Здесь мы представляем протокол подготовки изображений с большой выборкой в световом микроскопе (см. Таблицу материалов), который мы установили для исследования клеточного сердечного инфильтрата в мышиной модели миокардита 15 . Мыши CD11c.DTR экспрессируют рецептор дифтерийного токсина приматов (DTR) под контролем промотора 16 CD11c. Следовательно, клетки у этих мышей, которые экспрессируют CD11c вместе с DTR, чувствительны к экзотоксину Corynebacterium diphtheria (дифтерийный токсин, DTX); Системное лечение этих животных с помощью DTX приводит к истощению всего CD11c + ceLLS. CD11c является интегрином и в качестве рецептора клеточной поверхности для множества различных растворимых факторов участвует в процессах активации и созревания в основном в клетках моноцитарной линии 17 . Следовательно, модель мыши CD11c.DTR интенсивно использовалась для изучения роли дендритных клеток и подмножеств макрофагов в контексте многих различных иммунологических вопросов. Со временем сообщалось, что мыши CD11c.DTR, системно обработанные DTX, могут вызывать неблагоприятные побочные эффекты и могут демонстрировать значительно повышенную смертность 18 , 19 . Недавно мы смогли идентифицировать основную причину смерти 15 , описывая развитие молниеносного миокардита после применения внутритрахеального DTX у этих животных. Проблема токсина вызывала разрушение клеток, в том числе в центральных частях системы передачи стимулов в сердце. Это сопровождалось массивным CD45+ Инфильтрат лейкоцитов, что в конечном итоге приводит к летальным сердечным аритмиям. В этом случае важно не только появление популяции лейкоцитов, но и его пространственное распределение внутри сердца. Этот экспериментальный вопрос представляет собой проблему для современной микроскопической визуализации, которую мы решили методом светового микроскопа, который поддерживается окрашиванием подмышечных антител и протоколом оптического очищения на основе органического растворителя.
В современной науке о жизни микроскопическая визуализация биологических процессов играет все более важную роль.

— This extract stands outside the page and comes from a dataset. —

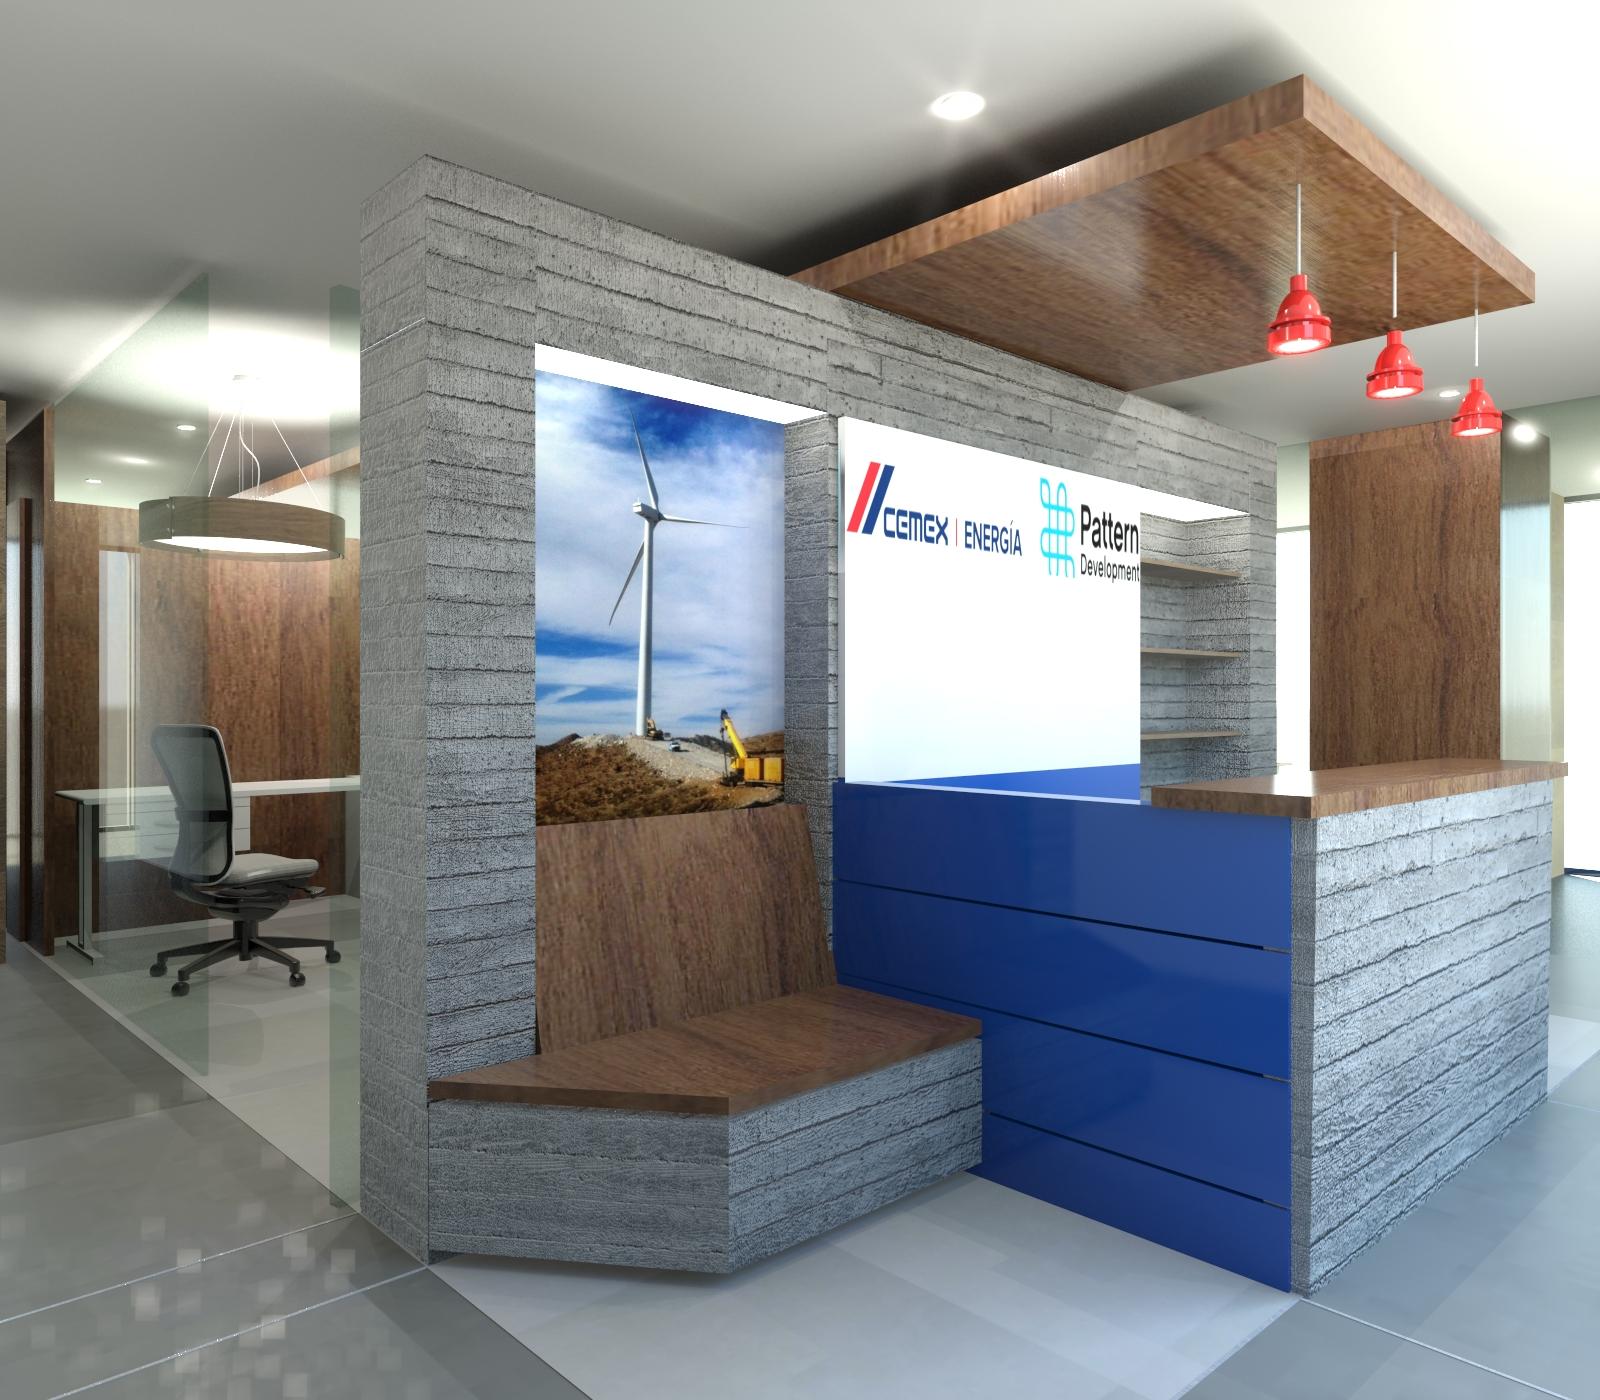 Dise o de interiores de oficinas grupo mobilart for Paginas de diseno de interiores

В этом контексте за последние два столетия было достигнуто много событий, которые помогают отвечать на вопросы, не адресуемые до этого момента. Во-первых, существует явная ?…
The authors have nothing to disclose.
Исследования в лаборатории Gunzer были поддержаны Федеральным министерством образования и исследований Германии (грант № 0315590 AD) и Немецким исследовательским фондом (грант № GU769 / 4-1, GU769 / 4-2). Мы также благодарим IMCES за техническую поддержку и Себастьяна Кубата за помощь в 3D-моделировании мультфильмов.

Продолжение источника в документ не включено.